I swear to God I set out to write this defending the Blackberry without being completely sarcastic but I just got sidetracked too heavily by how much it sucks. Though if you’re stuck with Blackberries at your company, I recommend trying to squeeze out a 9900 from IT as, though only relative to older Blackberries, it’s not that bad. And hey, according to AT&T it’s 4G! Just don’t run some sort of speed test app (assuming you can find one on the Blackberry App Store), you’ll spoil the placebo effect.
Doug Simmons
I’m just going to say it. Simmons you and your flavor has been sorely missed and this is a great article.
Its not just the sarcastic humor but the fact its usually supported by facts.
Good stuff!
I appreciate that Murani.
Though I would file some of those facts under snide conjecture instead with questionable backing, like some guy posting in a forum claiming he figured out how to read BIS mail on the BES.
I’ve got an interesting exercise. Let’s say you’re putting together a company, a hundred employees, and you want email with Exchange and BES and you’re not interested in the cloud. How much is that going to set you back?
Wow this is complicated to figure out.
For Exchange and Exchange hardware, including the basics like a UPS and a serious RAID and some other backup solution, ten grand. For Microsoft Exchange, Windows Server and per user licensing, $12K. Including what you pay an IT guy to configure it, looking at, if you believe Google’s calculator, $25K up front — for just Exchange. Annual cost associated with running that Exchange server, $22K.
Add in the BES, unless you want to cram it onto the Exchange Server’s server, let’s call that another five grand of hardware for a machine with two Xeon processors, a bunch of ram probably, a good RAID, at this point a console for your racks, an air conditioner or two, some Citrix thing to get into the servers remotely. Add on another Windows Server 2008 license.

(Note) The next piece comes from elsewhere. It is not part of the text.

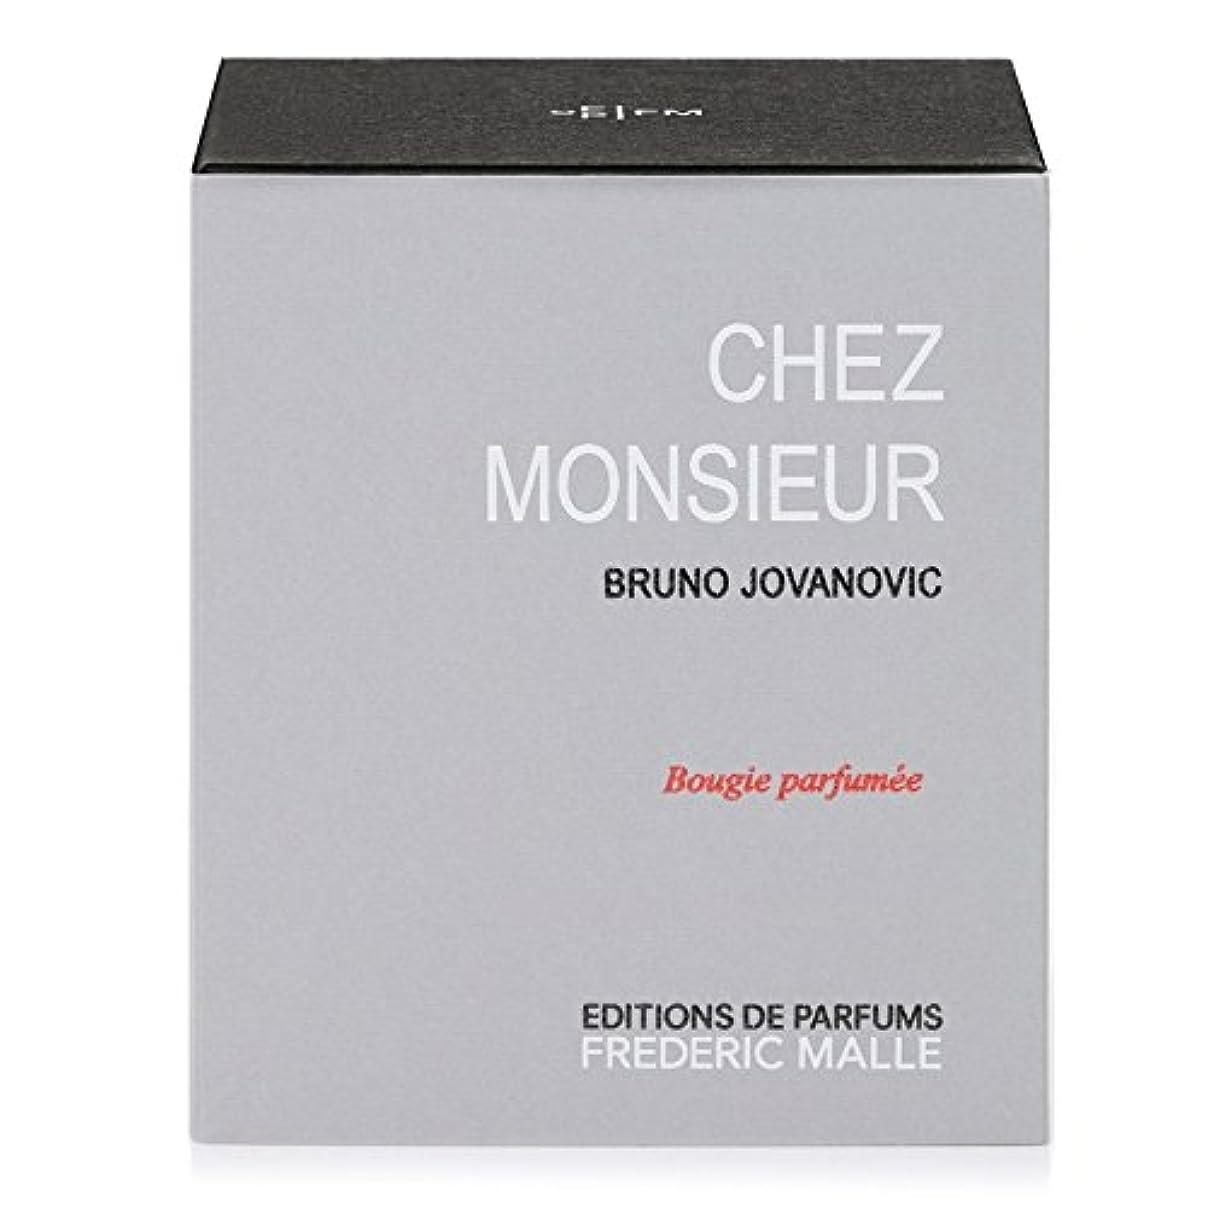 静けさパウダー説得フレデリック?マルシェムッシュ香りのキャンドル220グラム x6 - Frederic Malle Chez Monsieur Scented Candle 220g (Pack of 6) [並行輸入品]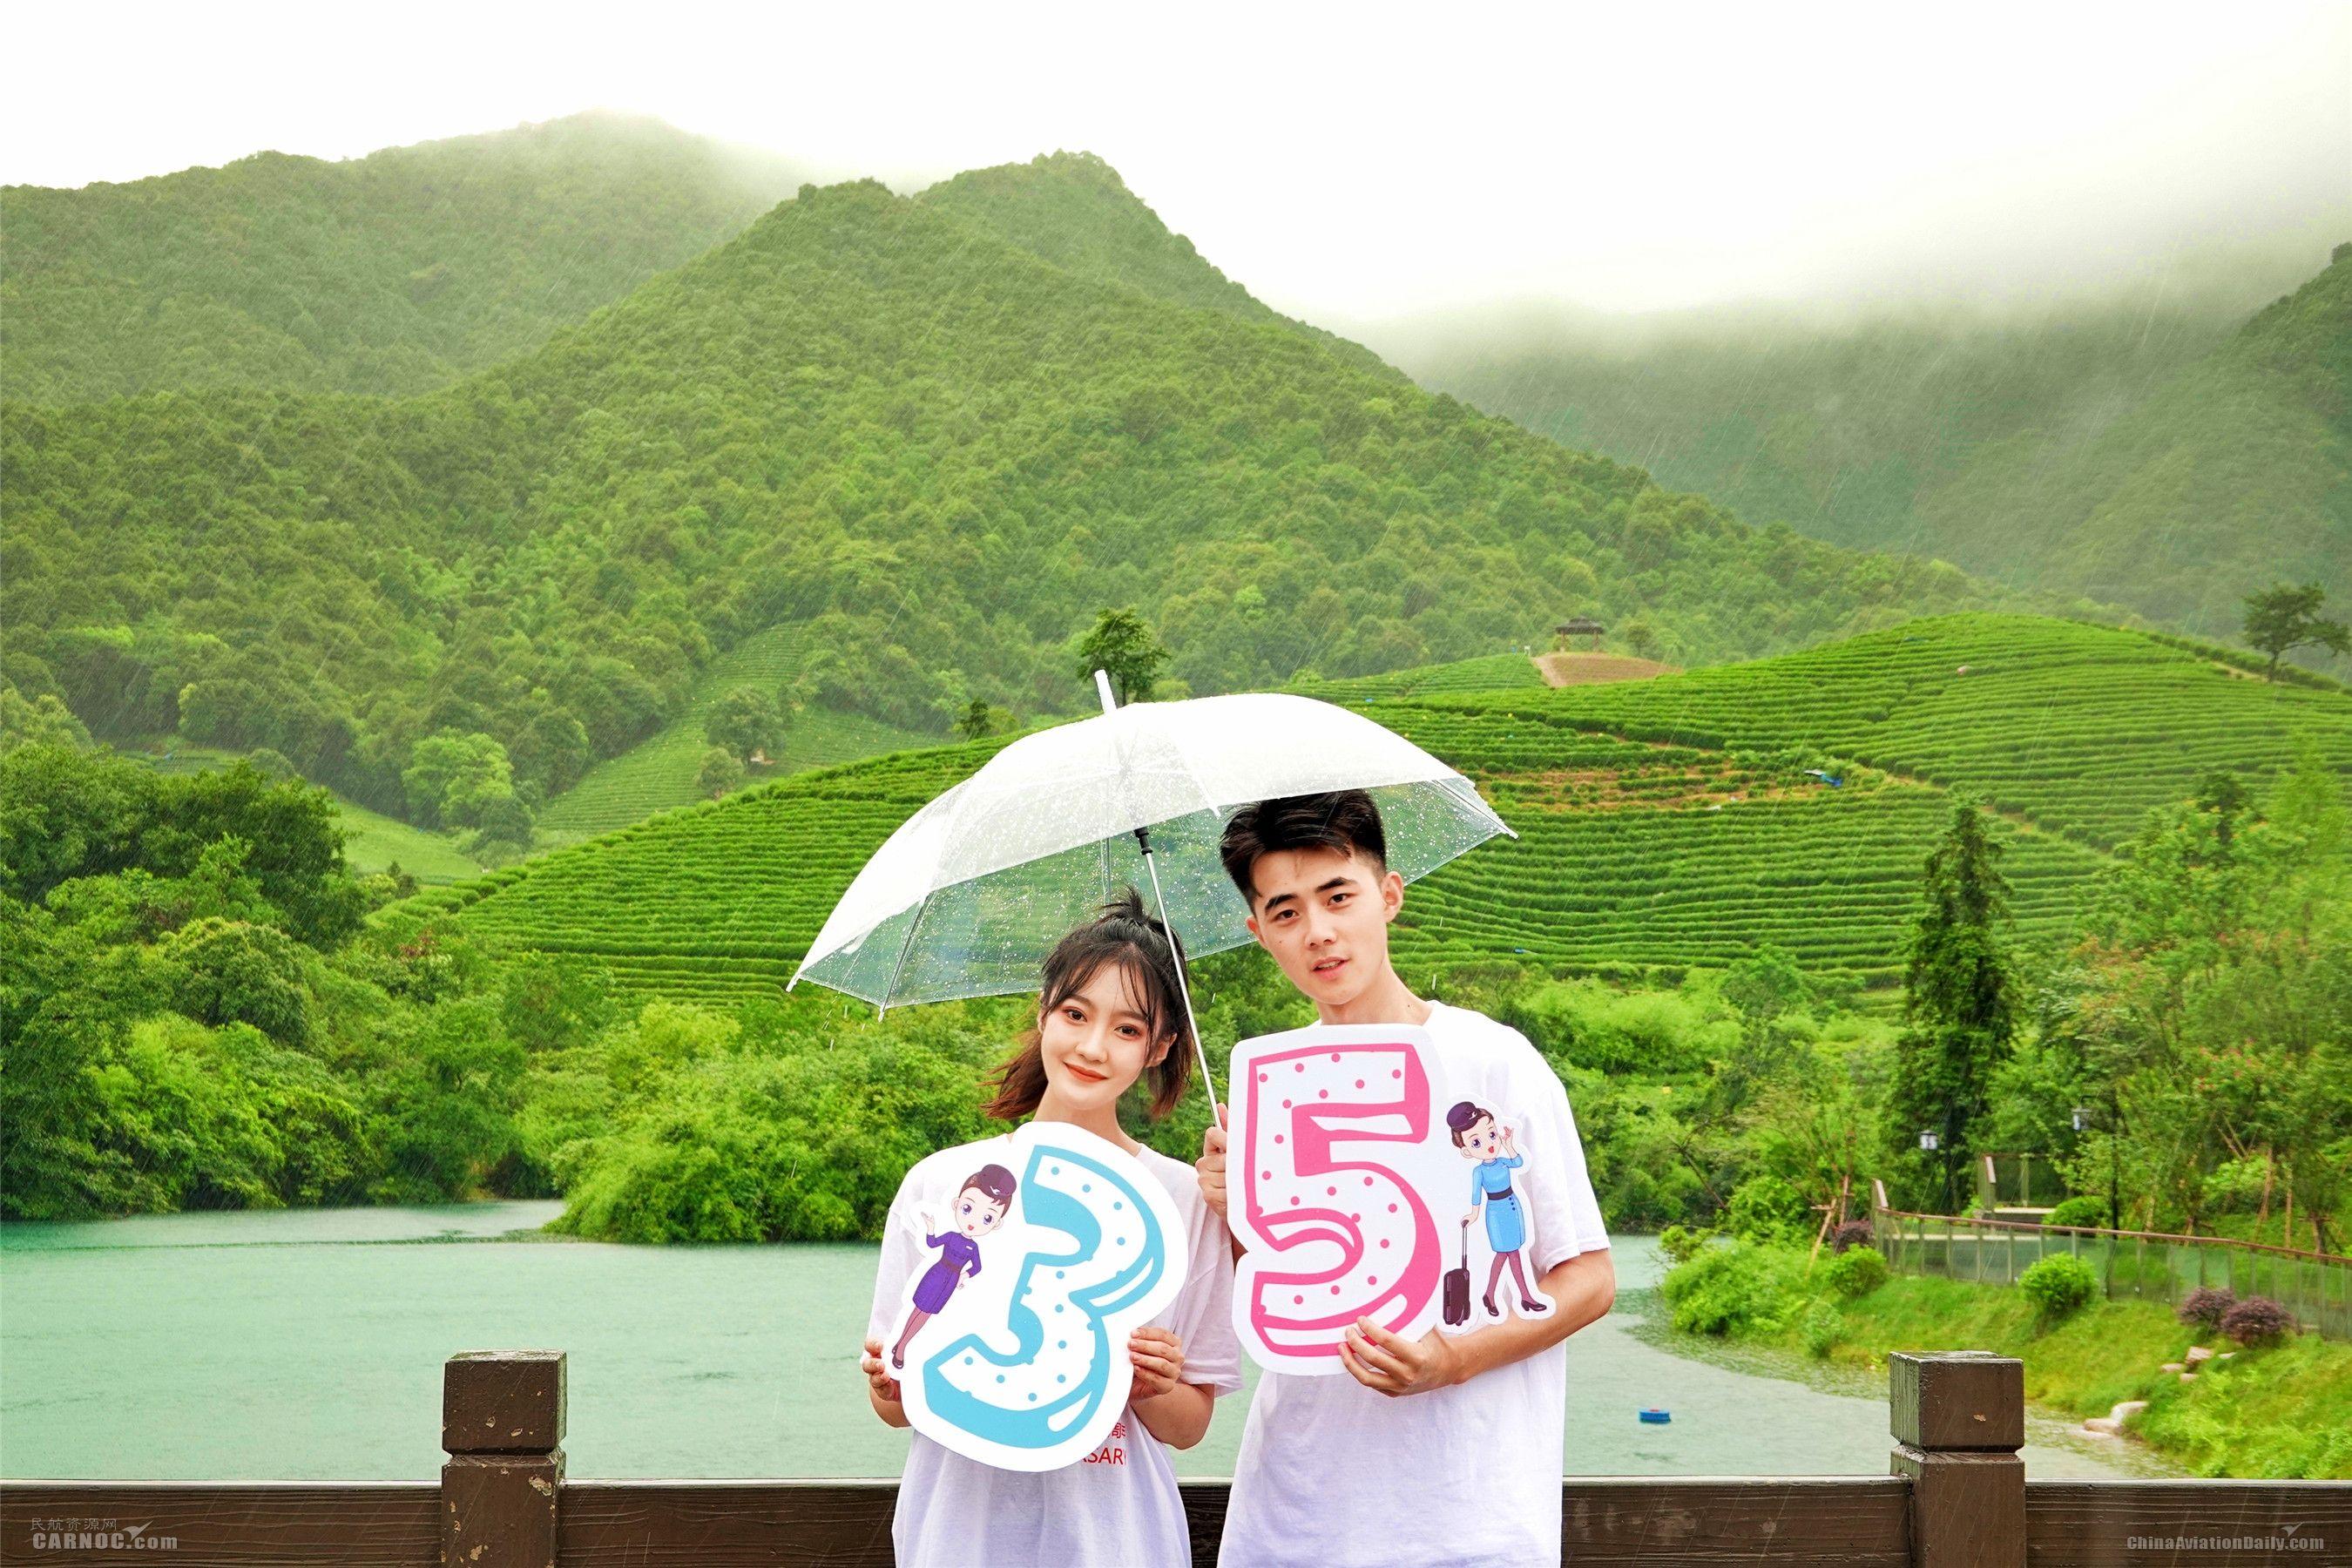 感谢上苍让我们相遇_图片 厦航杭州分公司庆祝厦航成立35周年_民航新闻_民航资源网

The BES software, $3000 plus $6000 for a hundred user licenses, plus additional IT man hours to maintain it. As you hire more people, which will surely happen given the return on investment you’re guaranteed by going this route instead of the cloud, that’s a hundred bucks a license. And if you’re paranoid about security, you’d better get an above average IT guy.
As for Windows Server 2008, for which you’ll need a couple copies, if you want to figure out the cost behind that feel free to figure it out yourself in this 39 page pricing PDF from Microsoft.
That’s a lot of IT scratch for this startup. I’m losing track of the expenses to compare to the cloud, but you could trade all that in for paying someone a grand or two up front to set up Google Apps for everyone and keep it running, several grand a year, or maybe ten grand for Office365 if that’s how you want to swing it. Takes a very good argument for the cloud not to make more sense for most businesses.
That it took me that long just to get a very vague idea of the very high costs associated with this speaks for itself.
Funny that they call it the Blackberry Enterprise Server when it doesn’t include either a server in the hardware sense or its own server-oriented operating system, you have to buy those two servers separately to run this server. Plus it’s got to piggyback off a mail server. Some server!
I hate BES.
Long live the ‘cloud’.
BB is a dying breed. Some one kill it with fire. Please.
Wow, really? I can’t install, upgrade or delete even something like twitter without having to reboot on the latest and best Blackberry phone and OS?
Well at least I have these fine AT&T apps that I won’t have to worry about uninstalling. Though I don’t know why they make them uninstallable given that no one would want to uninstall such awesome software.